© Photograph: Issouf Sanogo/AFP/Getty ImagesDiabaly, 21 January 2013. ‘France is the last country to sort out Mali's problems, having created quite a few of them in the first place.'
French intervention in Mali will fuel terrorism, but the west's buildup in Africa is also driven by the struggle for resources.
To listen to David Cameron's rhetoric this week, it could be 2001 all over again. Eleven years into the war on terror, it might have been Tony Blair speaking after 9/11. As the
bloody siege of the part BP-operated In Amenas gas plant in Algeria came to an end, the British prime minister claimed, like George Bush and Blair before him, that the country faced an "existential" and "global threat" to "our interests and way of life".
While British RAF aircraft backed French military intervention against Islamist rebels in Mali, and troops were reported to be on alert for deployment to the west African state, Cameron promised that a "generational struggle" would be pursued with "iron resolve". The fight over the new front in the terror war in North Africa and the Sahel region, he warned, could go on for decades.
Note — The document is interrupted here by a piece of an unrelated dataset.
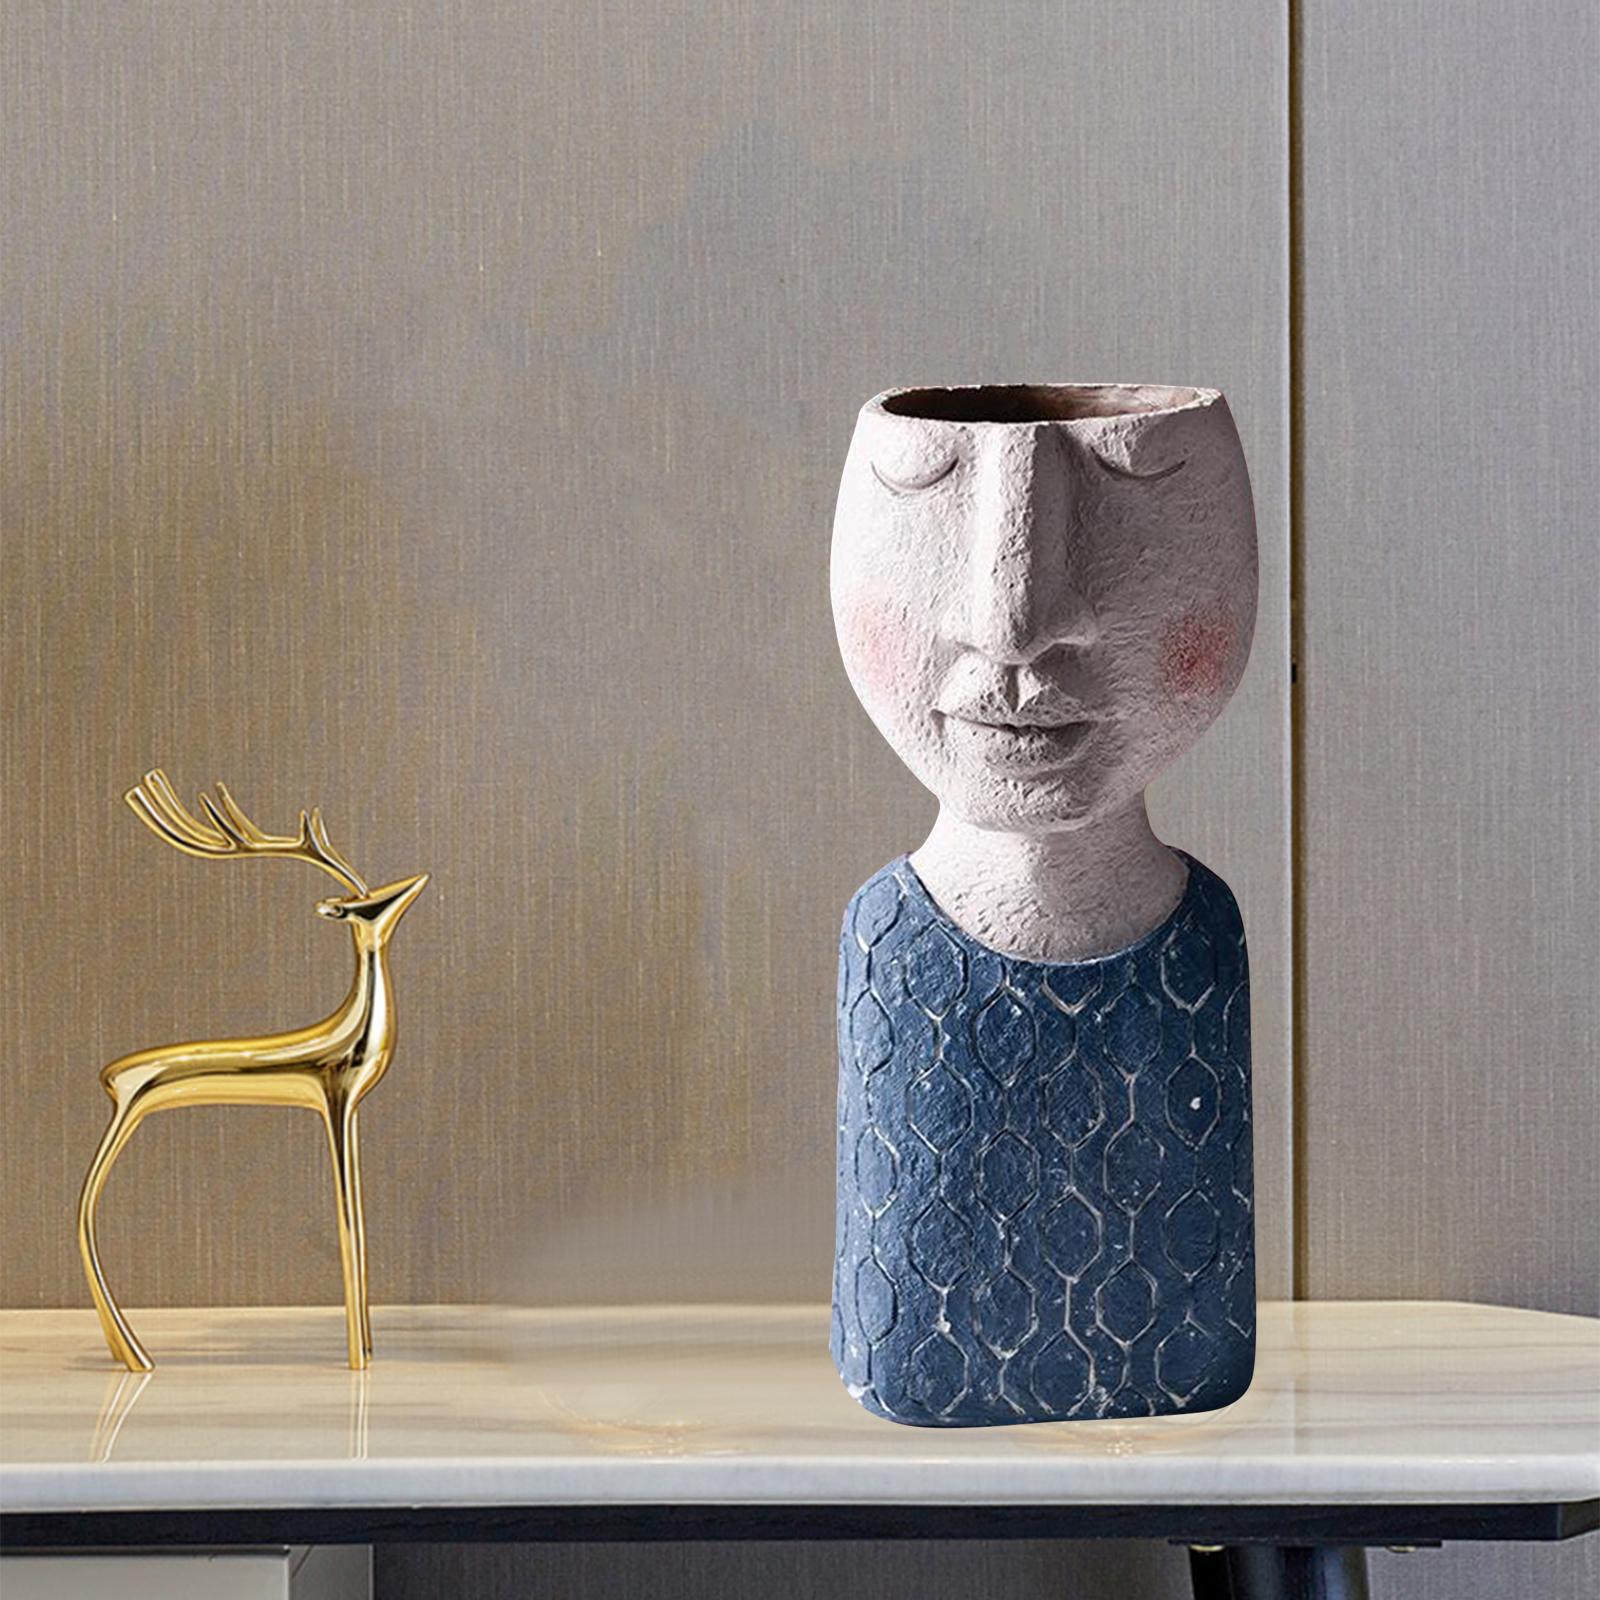 Artistic Portrait Flower Pot Vase Decorative Home Ornament Man

So in austerity-blighted Britain, just as
thousands of soldiers are being made redundant, while Barack Obama has declared that "a decade of war is now ending", armed intervention is being ratcheted up in yet another part of the Muslim world. Of course, it's French troops in action this time. But even in Britain the talk is of escalating drone attacks and special forces, and Cameron has refused to rule out troops on the ground.